Myeloproliferative neoplasms (MPNs) are clonal disorders that include polycythemia vera (PV), essential thrombocythemia (ET), myelofibrosis (MF) both primary (PMF) and secondary to PV and ET, and MPN unclassifiable (MPN-U) (1). Despite differences, all MPNs are characterized by shared clinical and biological features. Clinical complications include Clinical complications include a variety of blood cell alterations, thrombotic and bleeding events, constitutional symptoms caused by pro-inflammatory cytokines, splenomegaly, and risk of progression to acute myeloid leukemia referred to as blast phase MPN (MPN-BP) (2, 3). To date, allogeneic hematopoietic cell transplantation (allo-HSCT) is the only potentially curative treatment but, since it associated with a considerable risk of morbidity and mortality, it should be reserved for selected MF patients (4, 5).

The dysregulation of the JAK/STAT pathway is the hallmark of all MPNs, and it is guided by somatic mutations in driver genes including JAK2, CALR and MPL. JAK2 mutations are detected in virtually all PV patients and 50-60% of ET and PMF, whereas the remaining are CALR (15-25%) and MPL mutated (5-10%). Moreover, 10% of ET and PMF patients lack a driver mutation and are referred to as triple-negative (TN) (6). At this point, one of the most challenging questions is: how the same mutations can contribute to the development of different diseases?

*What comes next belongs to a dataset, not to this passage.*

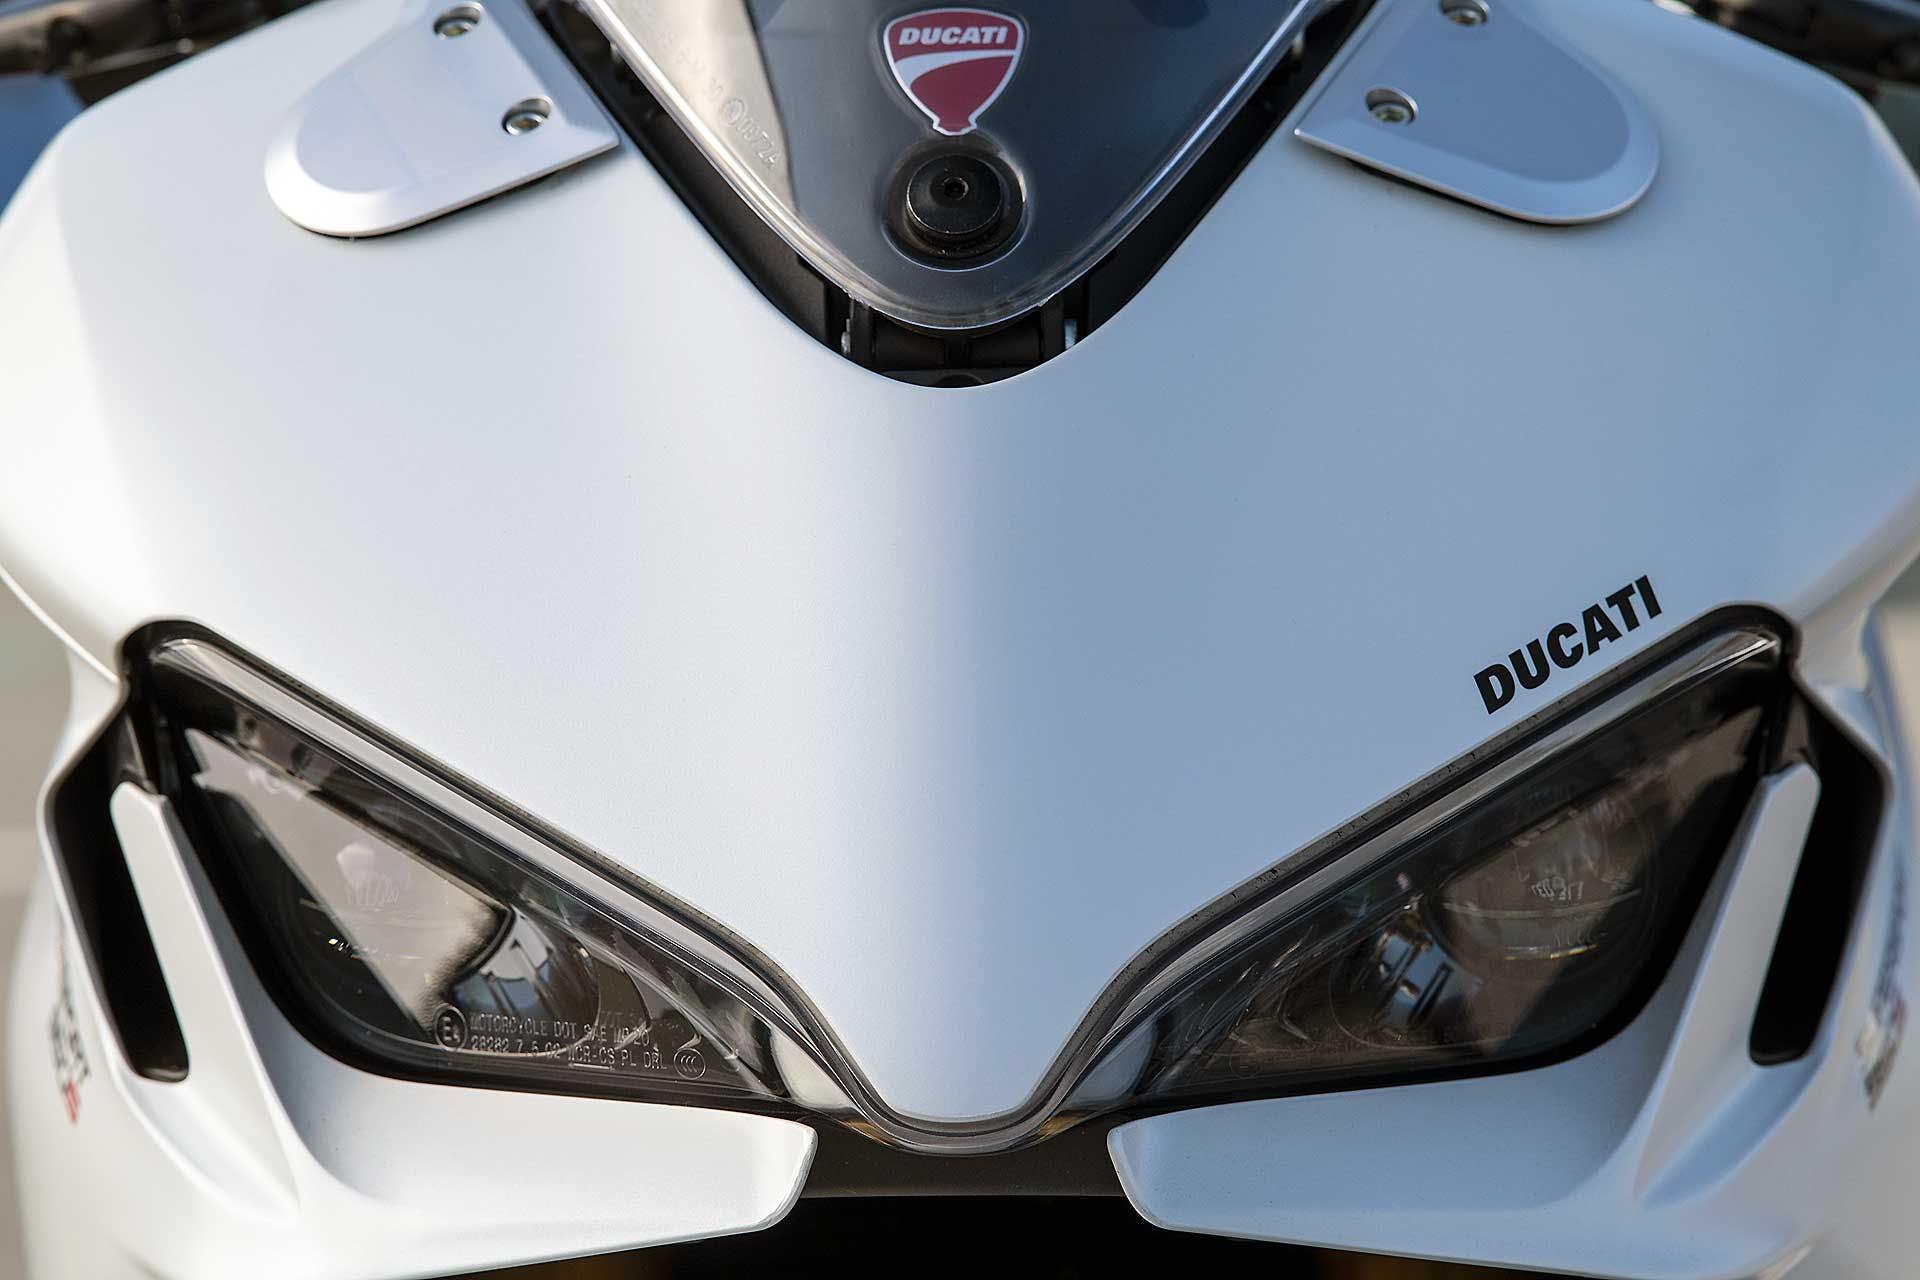 Ducati Supersport 950 S 2021 Particolare faro anteriore
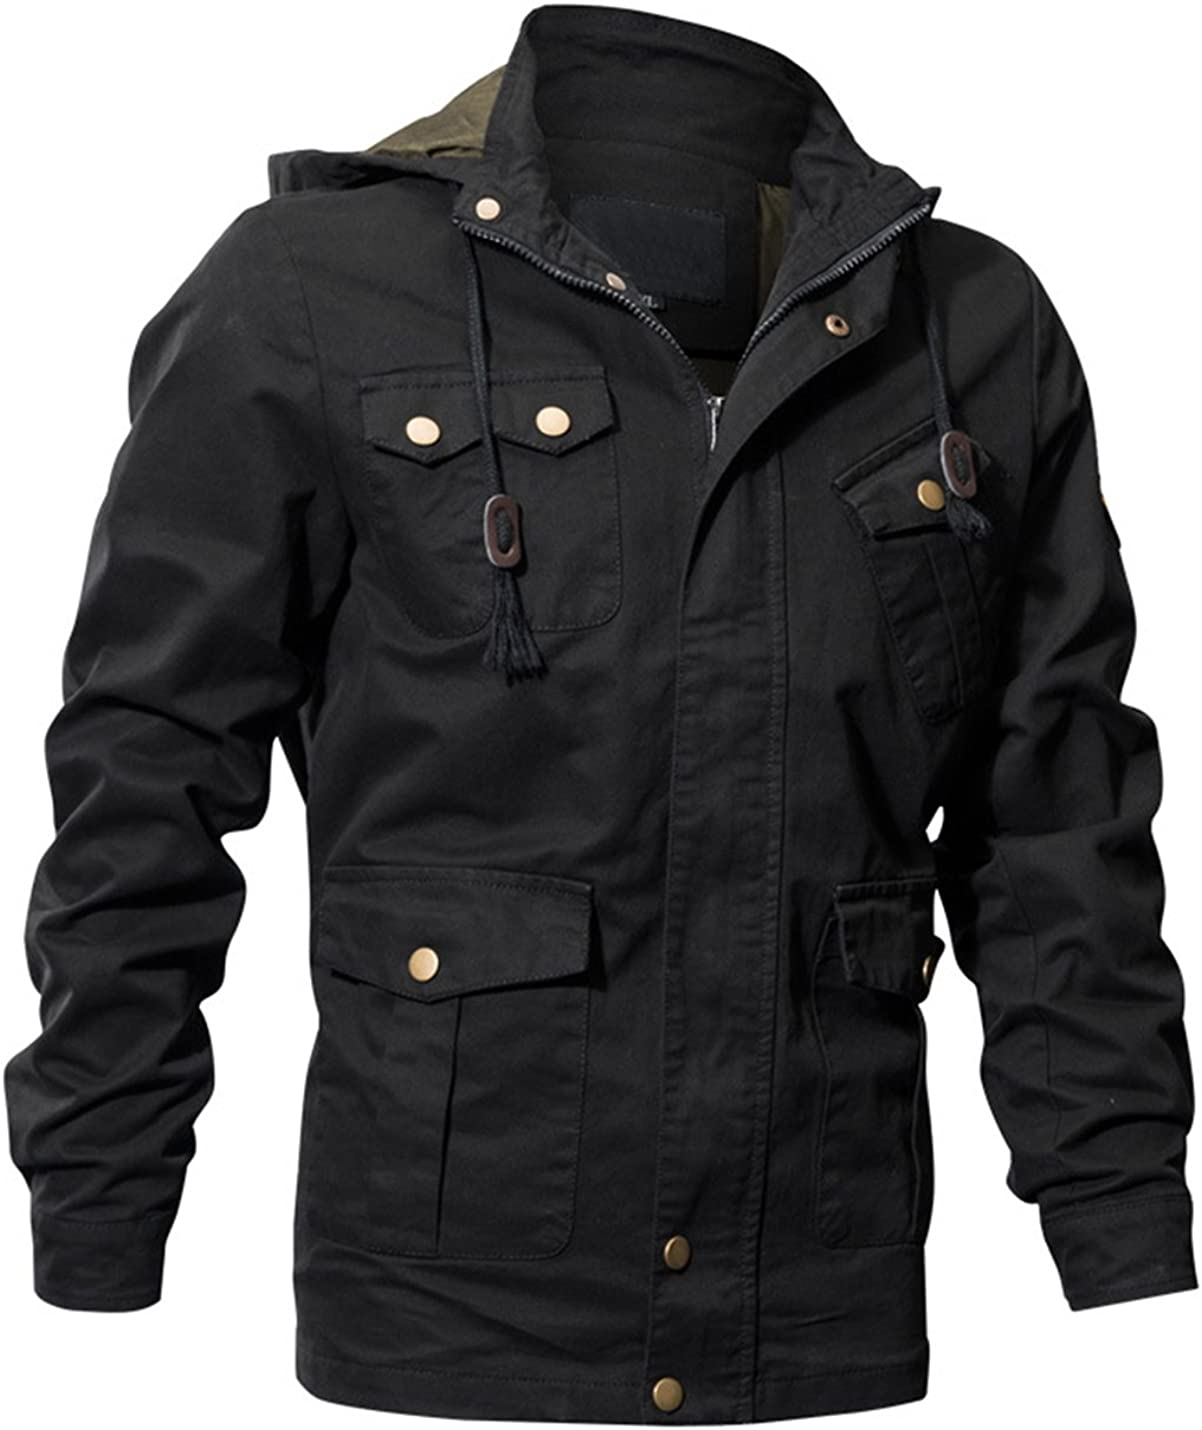 Lentta Men's Colorado Springs Mall Casual Multi Pockets Military Outdoor Cotton Zipper Sales results No. 1

There is not a simple answer, but it is reasonable that many factors contribute to phenotypic diversity among PV, ET, and PMF including the variant allele frequency (VAF) of driver mutation (7–10), the type of hematopoietic progenitors targeted by the driver mutation (11), and the host genetic background (12, 13). Moreover, in recent years, high-throughput next-generation sequencing (NGS) approaches have led to identification of other mutations that, in addition to defining the clonality of TN ET and MF (14), contribute to the clonal heterogeneity of MPNs that influence disease phenotype and outcomes (15–20), refractoriness, suboptimal or loss of response to treatments (21–24).

This Research Topic comprises seven papers highlighting the clinical and prognostic implication of mutational landscape in MPNs by using different approaches.

Sobieralski et al. performed a 37-gene targeted NGS analysis on 49 PV and ET patients at two different time points (median time between samples was 104 months). Taking into account the limit of this research the authors documented: i) two coexisting driver mutations in two patients at diagnosis, ii) the most frequently mutated non-driver genes were TET2 and DNMT3A, iii) at second time-point patients with fibrotic progression had a significantly higher VAF of their driver mutation and additional ASXL1, RUNX1, ZRSR2, and U2AF1 variants were detected, iv) a significant decline of driver mutation VAF was reported in patients treated with hydroxyurea, v) the mean number of variants was higher in patients with longer observation times.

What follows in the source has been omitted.